Goal of the exercise -> Leave the pictures out, and transcribe the material below exactly from the line with "nouvelle version de Gmail" to the line with "甘美なに慣れ取り組む薬用 湯の花石鹸 ビーナス1 80g", both lines included.

Supplied entries ->

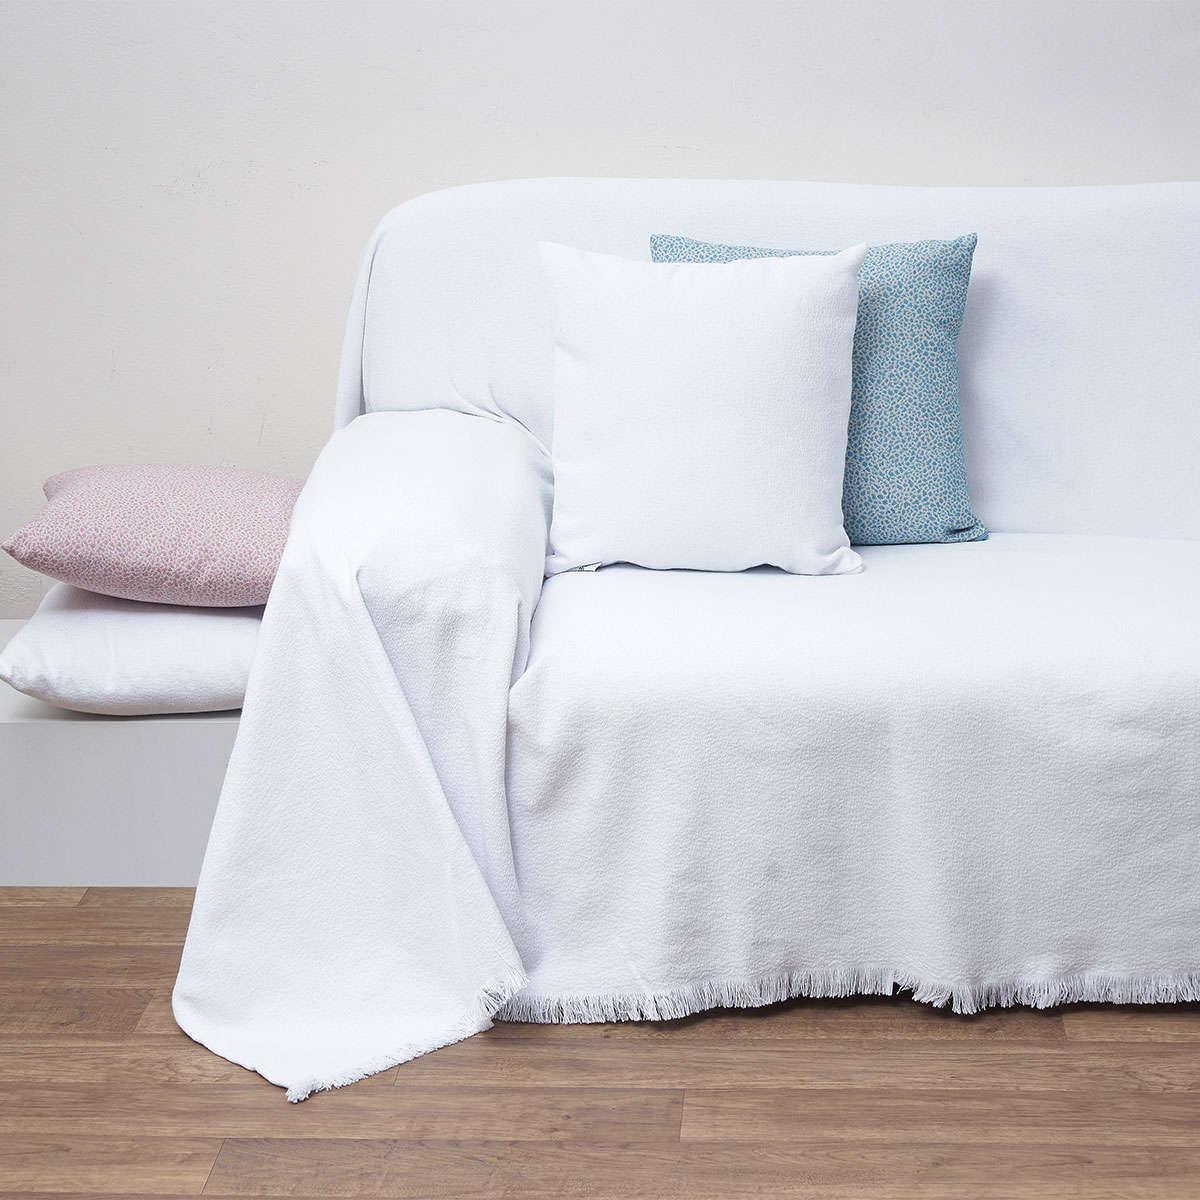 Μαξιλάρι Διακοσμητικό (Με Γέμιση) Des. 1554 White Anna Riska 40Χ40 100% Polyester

* * *

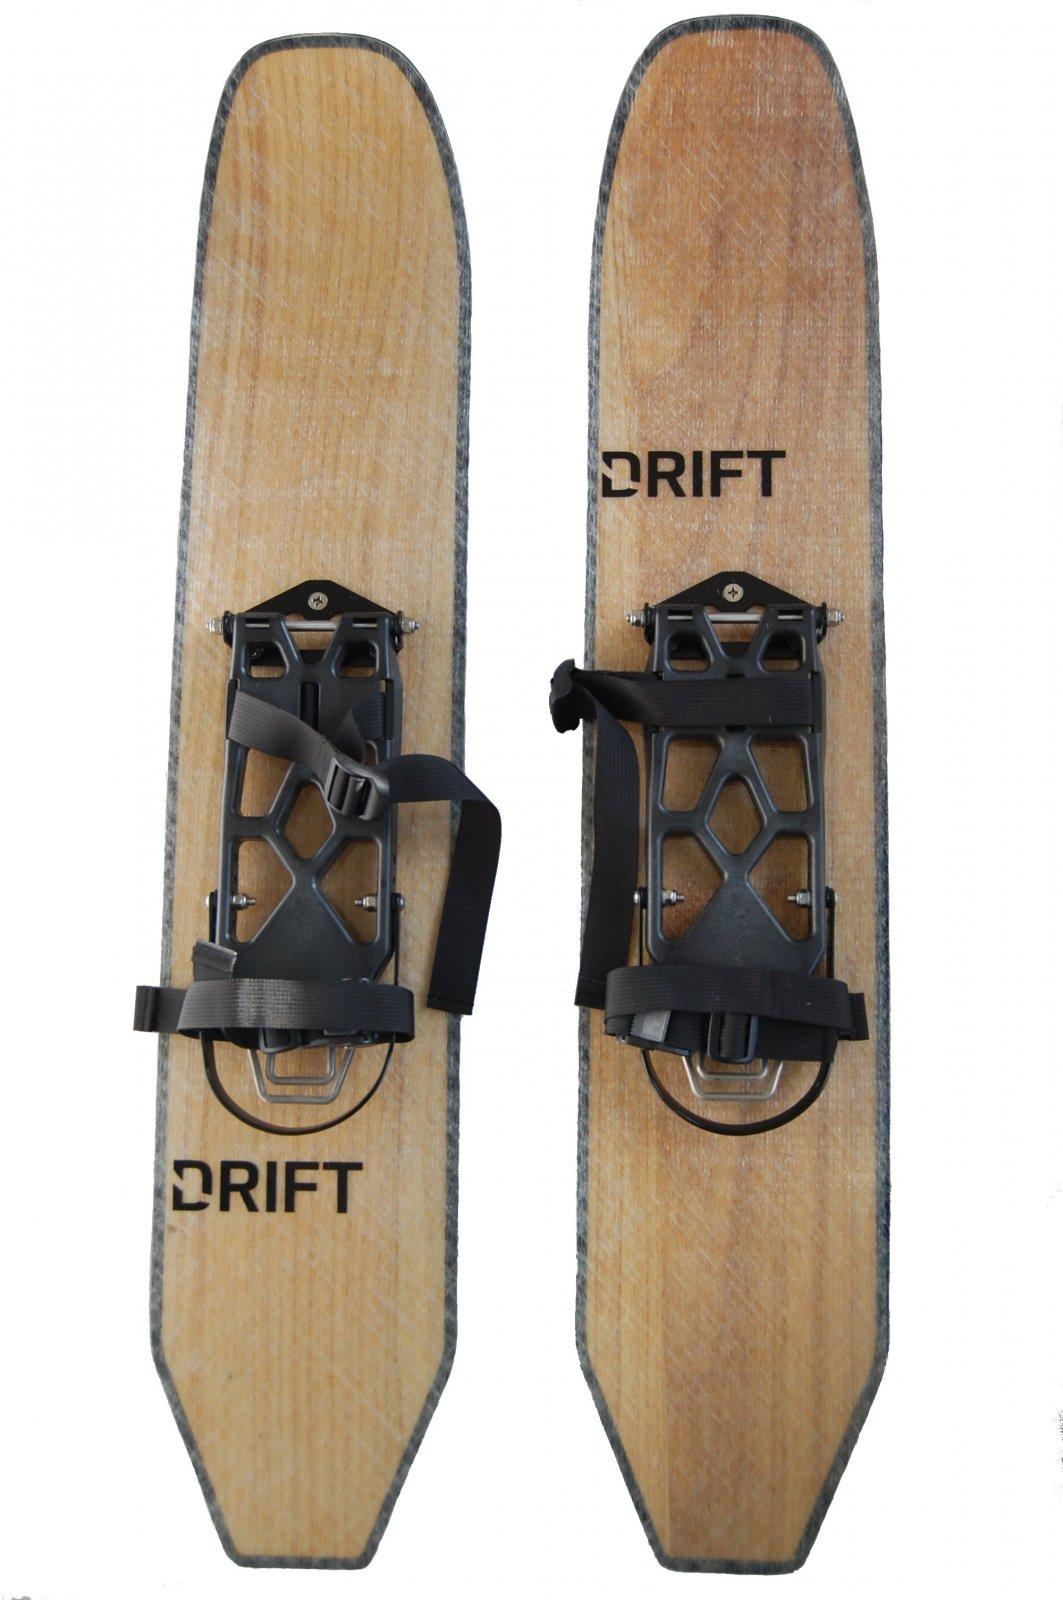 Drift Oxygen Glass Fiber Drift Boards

---

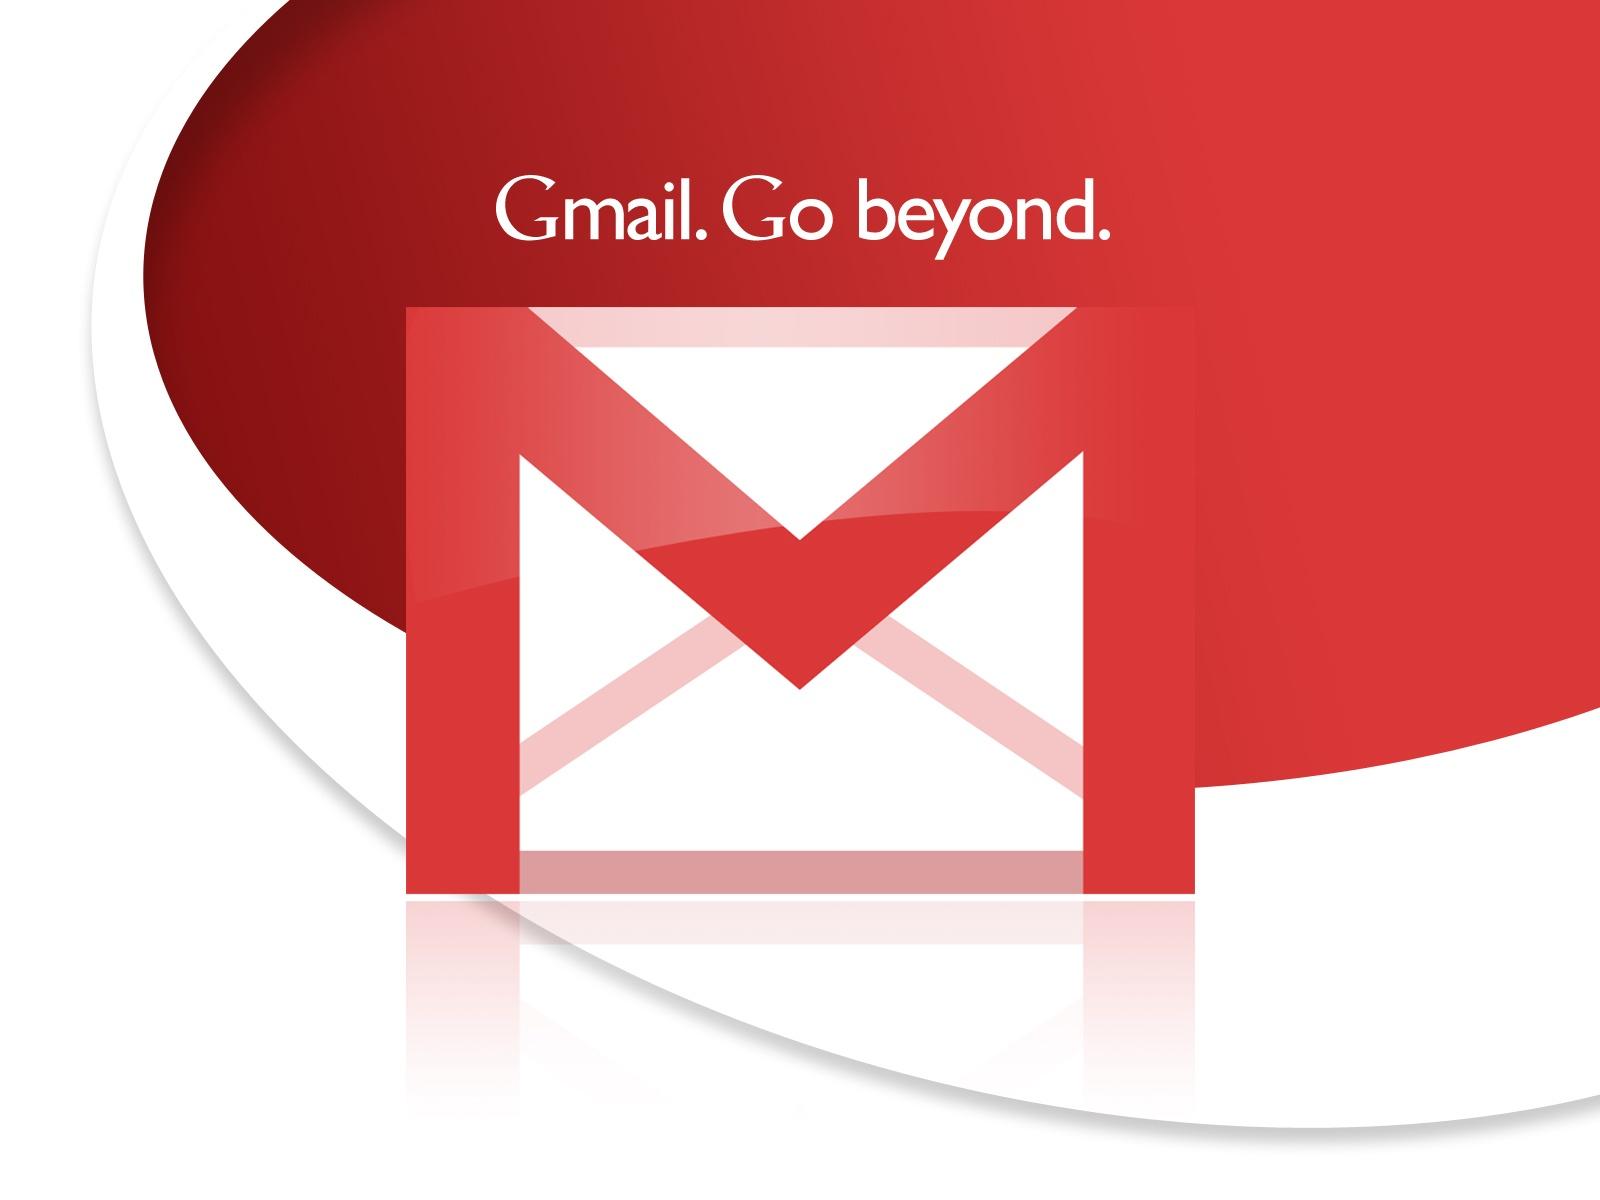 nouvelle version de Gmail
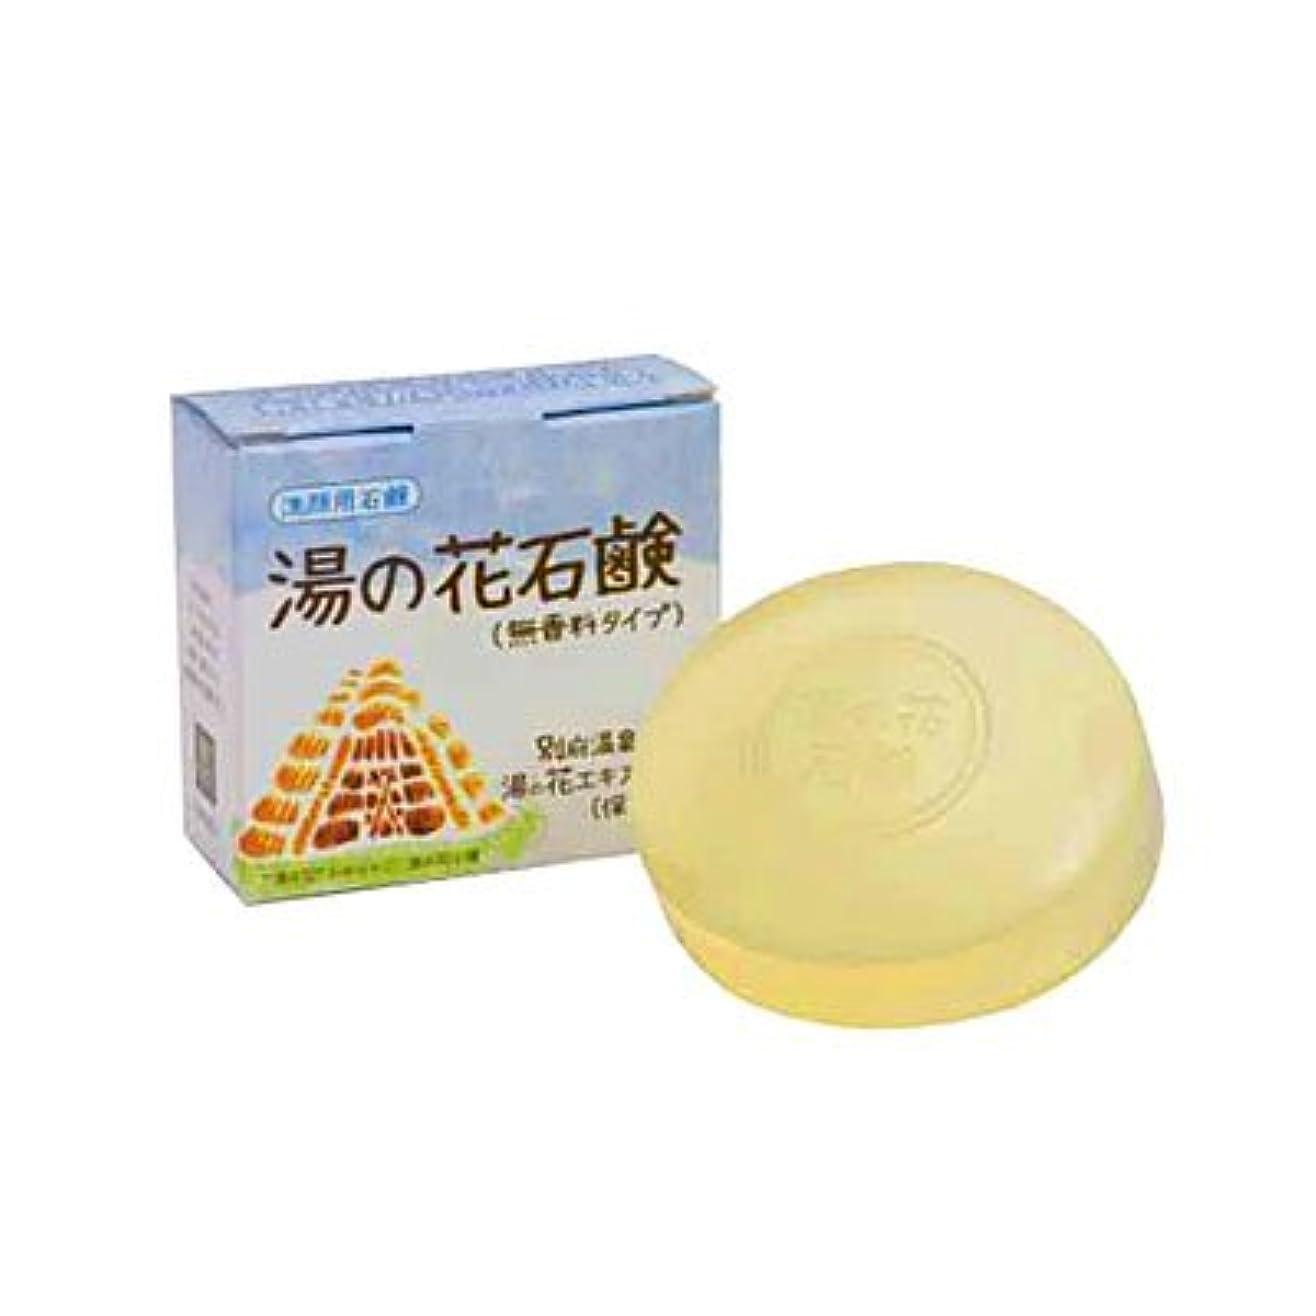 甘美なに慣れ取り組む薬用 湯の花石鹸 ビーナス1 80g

Solution to this exercise ->
 nouvelle version de Gmail
 甘美なに慣れ取り組む薬用 湯の花石鹸 ビーナス1 80g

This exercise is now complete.